Это предложение было задумано как решающий удар. Теперь же я стоял совершенно обескураженный, глядя на нее растерянно и смущенно. Она пошла к двери. Уже взявшись за ручку, она обернулась, чтобы попрощаться.

— А как насчет того, чтобы поужинать сегодня? — неуверенно спросил я.

— Отказать.

Больше я ничего не ждал. Я снова сел за стол.

— У меня есть другое предложение, — сказала она мне в спину.

— Какое? — спросил я не оборачиваясь.

— Ты не поедешь после работы к себе на квартиру?

— Нет, не собирался. — Я посмотрел на нее. — А что?

— Да так, я просто подумала, что окажись ты там, я, вероятно, зашла бы и провела с тобой ночь.

И прежде чем, я успел ответить, она вышла и закрыла за собой дверь.

За Блумфонтейном у развилки Луи сбавил скорость.

— Поедем через Винбург? — спросил он.

Этой дорогой я обычно ездил на ферму, по ней поехал бы и два дня назад, не сверни случайно к Вестонарии. Но сейчас у меня не было сомнений.
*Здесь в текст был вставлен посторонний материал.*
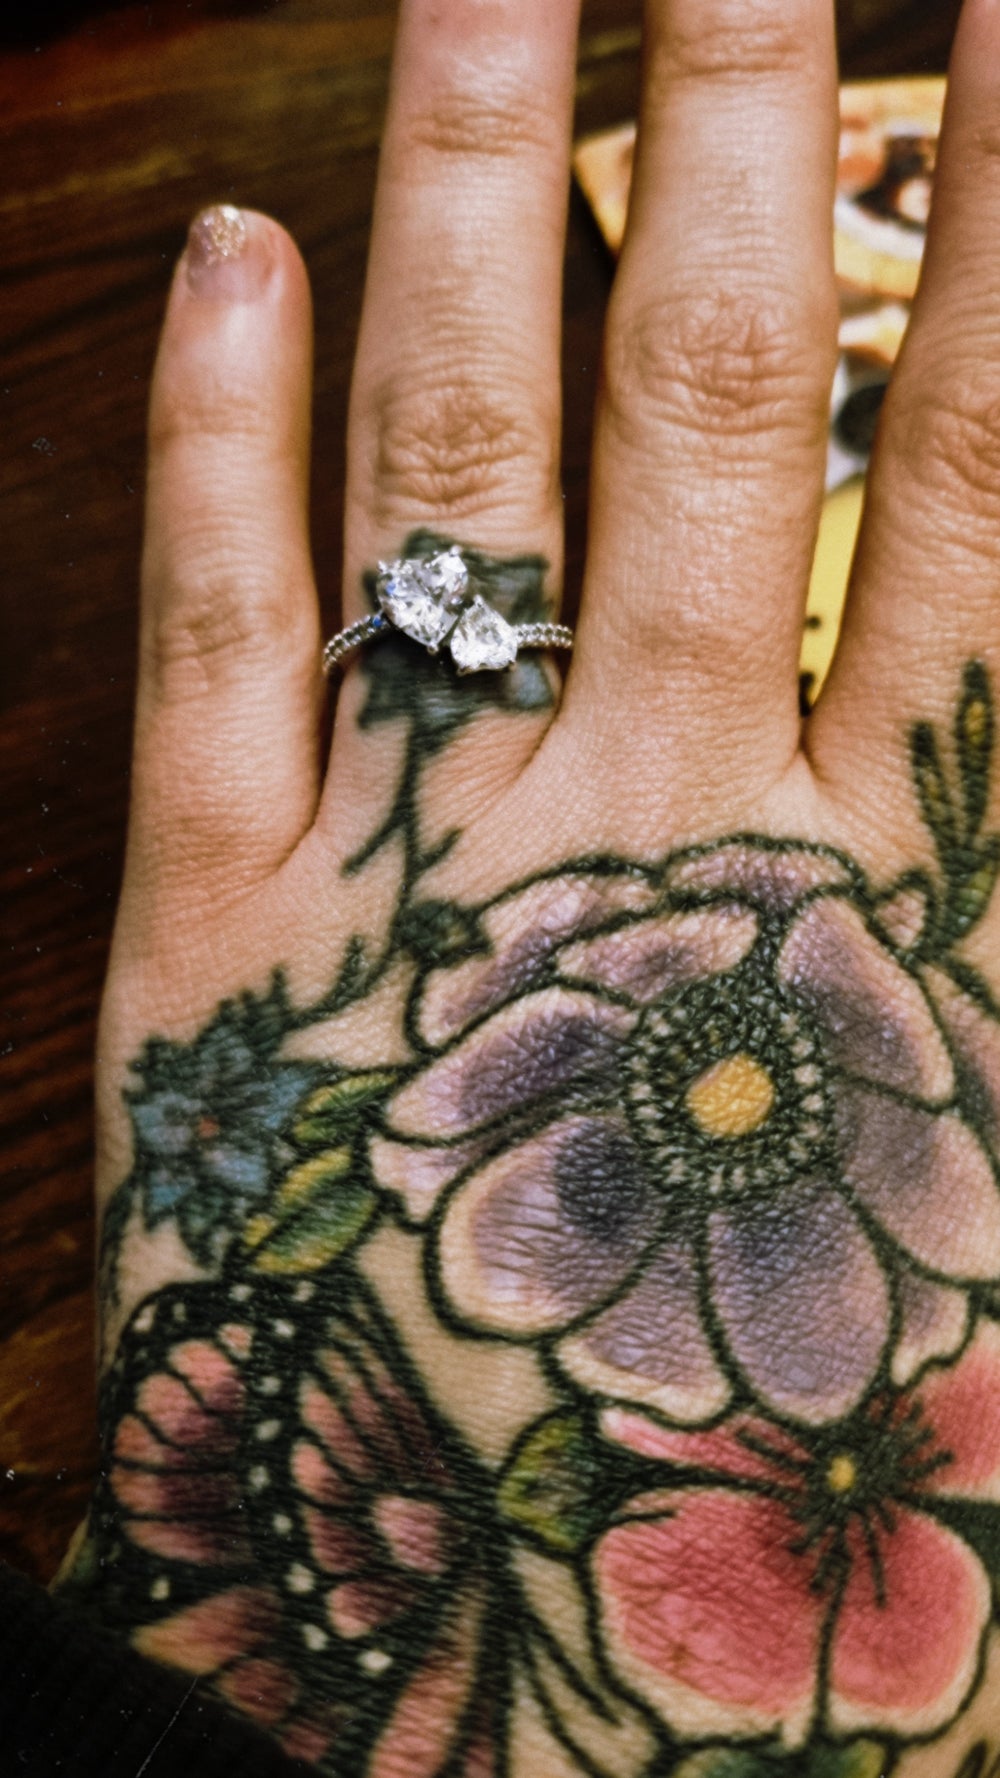 Laura O’Sullivan’s Pandora engagement ring (Collect/PA Real Life)

— Нет, поедем тем же путем, что и сюда.

Само по себе это ничего не значило, но почему-то казалось важным решением. Не поверил ли я в какие-то тайные силы, как Беа в свою астрологию? Какой вздор! Смеркалось, впереди был Брандфорт, где мы останавливались, чтобы смыть комаров с ветрового стекла, и где на пыльной мостовой скакала девчушка; и где-то впереди мы неизбежно должны были натолкнуться на самих себя. Место встречи не могло быть слишком далеко И что тогда? Наступит момент прозрения или светопреставление? Ни то, ни другое. Я не был столь наивен. И все же почему-то не поехал другой дорогой. Я решил ехать навстречу тому, что меня ожидало, ни от чего не отказываясь и не уклоняясь, ничего не избегая.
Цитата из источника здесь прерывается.